The strategy of chess has changed dramatically through the ages as the game itself has evolved. Early games of chess used fewer pieces and much less complicated strategy. Today’s chess masters have complicated moves that are sometimes even designed on computers to test all outcomes. The history of chess strategies provides as with a historical look at a game that is part of our social landscape.

Chess is believed to have originated in India, where its early form in the 6th century was called Chaturanga, which translates as “four divisions of the military”. These divisions were known as the infantry, cavalry, elephants, and chariots, which were represented respectively by pawn, knight, bishop, and rook. The game was used as an exercise in military strategy with the victor winning at all costs. In Persia around 600 the name became Shatranj and the rules were developed much further. Shatranj was taken up by much of the Muslim world after the Islamic conquest of Persia, with the pieces largely retaining their Persian names.

Historical records show that even the medieval Knights Templar played chess. They used the strategies of chess as a mental exercise. Early in the 9th century the game reached Western Europe and Russia by at least three routes. By the year 1000 it had spread throughout Europe and was introduced into the Iberian Peninsula by the Moors during the 10th century. References to chess were even it described in a famous 13th century manuscript covering shatranj, backgammon, and dice. It was at this time that the strategies chess players use today were beginning to be developed.

Around 1200, the rules of Shatranj started to be modified in southern Europe, and around 1475, several major changes rendered the game essentially as we know it today. Some of these strategies were pawns gained the option of advancing two squares on their first move, while bishops and queens acquired their modern abilities. This made the queen the most powerful piece; and modern chess was referred to as “Queen’s Chess” or “Mad Queen Chess”. These new rules and strategies quickly spread throughout Western Europe, with the exception of the rules about stalemate, which were finalized in the early nineteenth century.

This was also the time when chess started to develop a body of theory. The oldest preserved printed chess book is believed to be the Repeticion de Amores y Arte de Ajedrez (Repetition of Love and the Art of Playing Chess) by Spaniard Luis Ramirez de Lucena and was published in Salamanca in 1497. Many different authors went on to write about the developed elements of openings and started to analyze simple endgames.

France also became an important country in the history of developing chess strategies. The two most important French masters were Francois-Andre Danican Philidor, a musician by profession, who discovered the importance of pawns for chess strategy, and later Louis-Charles Mahe de La Bourdonnais who won a famous series of matches with the British master Alexander McDonnell in 1834 using a far more complicated strategy than had been seen before.
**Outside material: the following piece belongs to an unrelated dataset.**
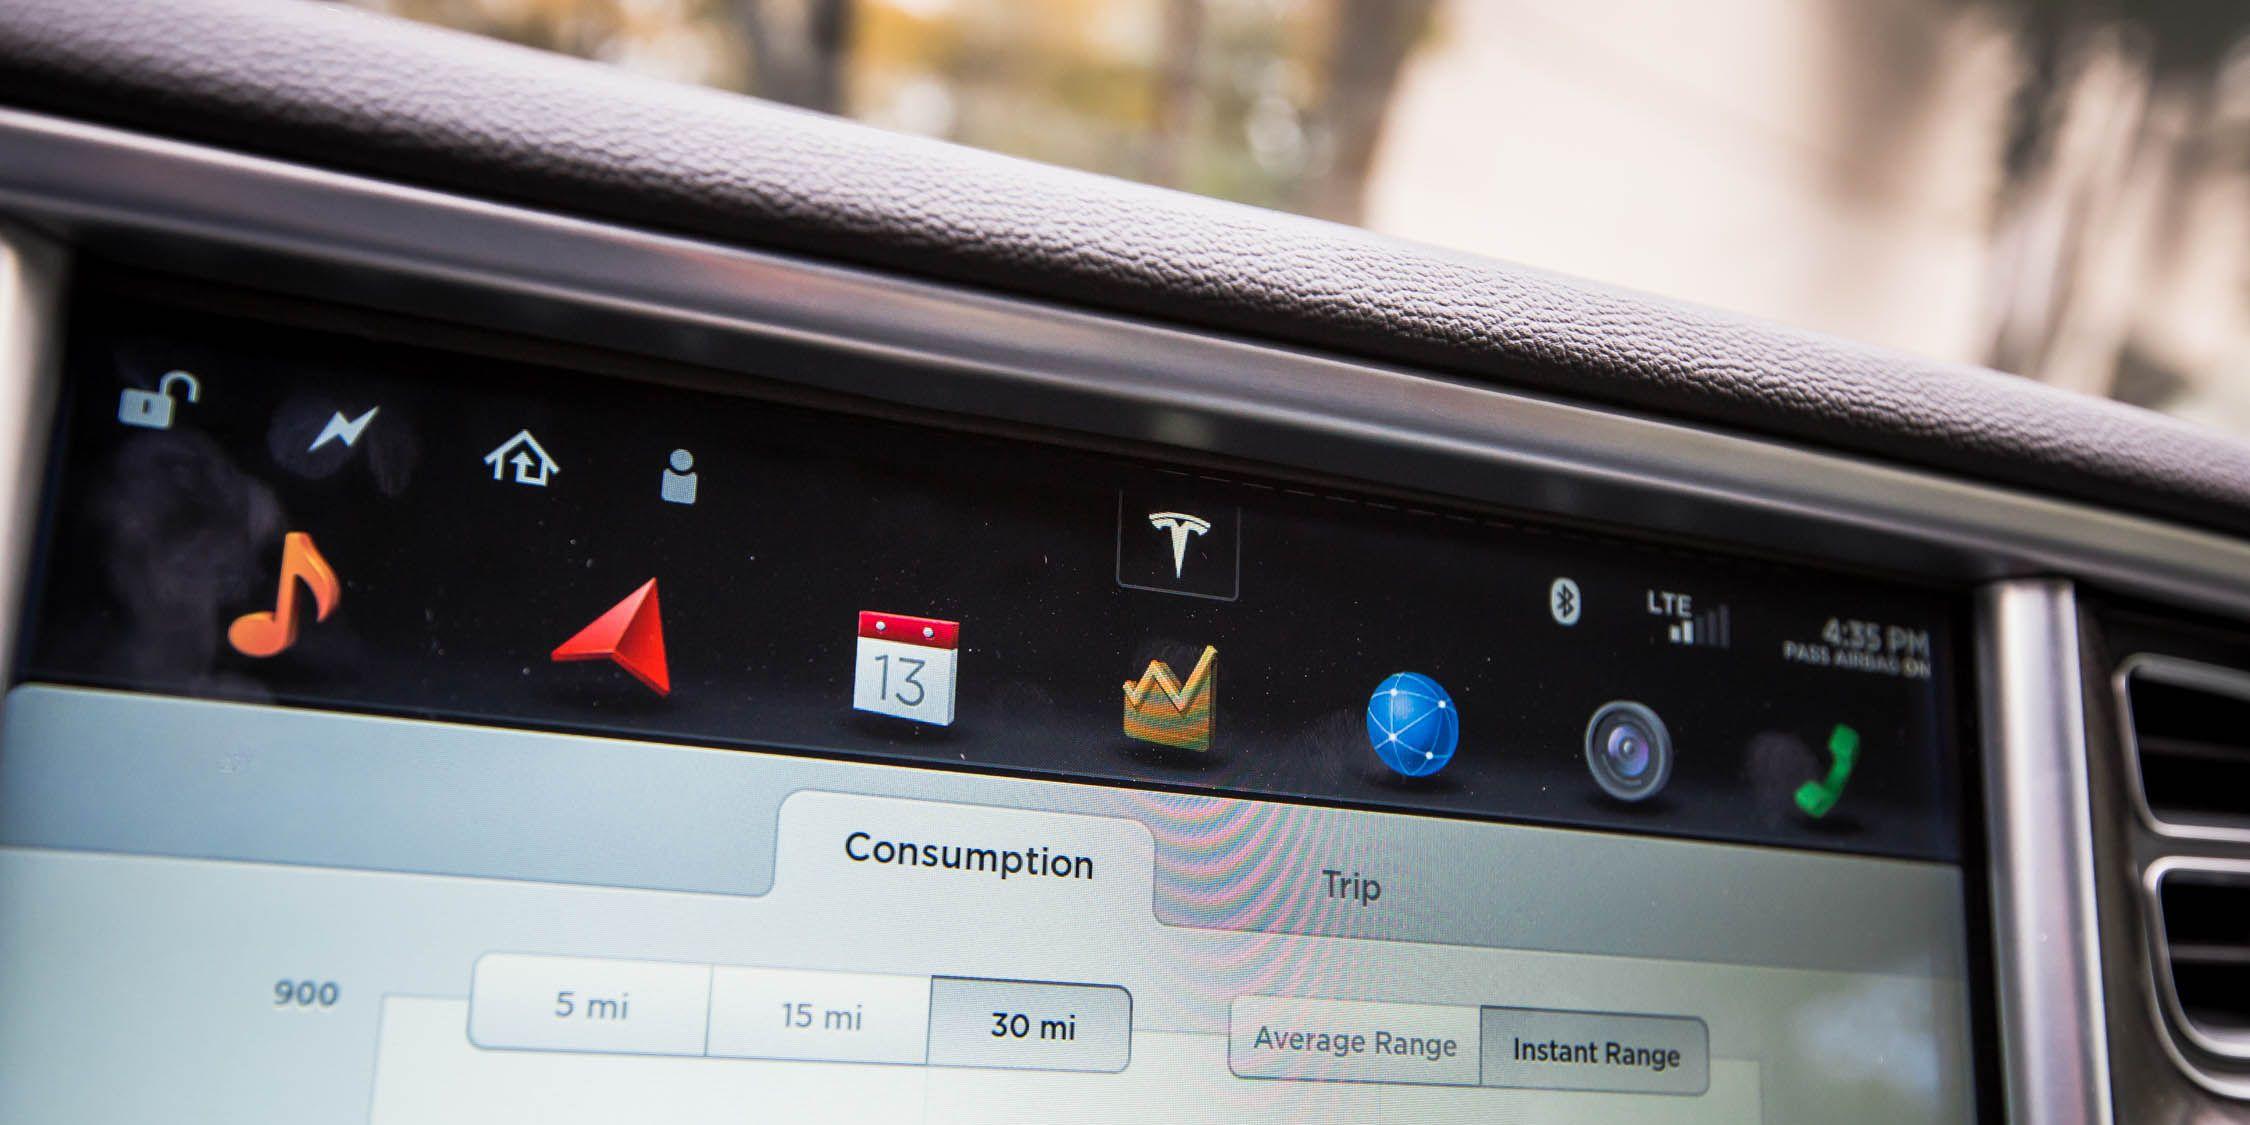 Elon, Take the Wheel! We Test Tesla's New Autopilot Feature

The first modern chess tournament was held in London in 1851 and won, surprisingly, by German Adolf Anderssen, who was relatively unknown at the time. Anderssen was hailed as the leading chess master and his brilliant, energetic (but from today’s viewpoint strategically shallow) attacking style became typical for the time

It was from this point on that each chess master began developing strategies that would fit their style of play. For example: The first American chess champion Paul Morphy success stemmed from a combination of brilliant attacks and sound strategy as he intuitively knew how to prepare attacks. Prague-born Wilhelm Steinitz later described how to avoid weaknesses in one’s own position and how to create and exploit such weaknesses in the opponent’s position through the development of his own strategy.

Between the World War I and II, chess was revolutionized by the new theoretical school of so-called hypermodernists like Aron Nimzowitsch and Richard Reti. These masters advocated controlling the center of the board with distant pieces rather than with pawns, inviting opponents to occupy the center with pawns which become objects of attack. This school of thought brought a new sophistication to the game.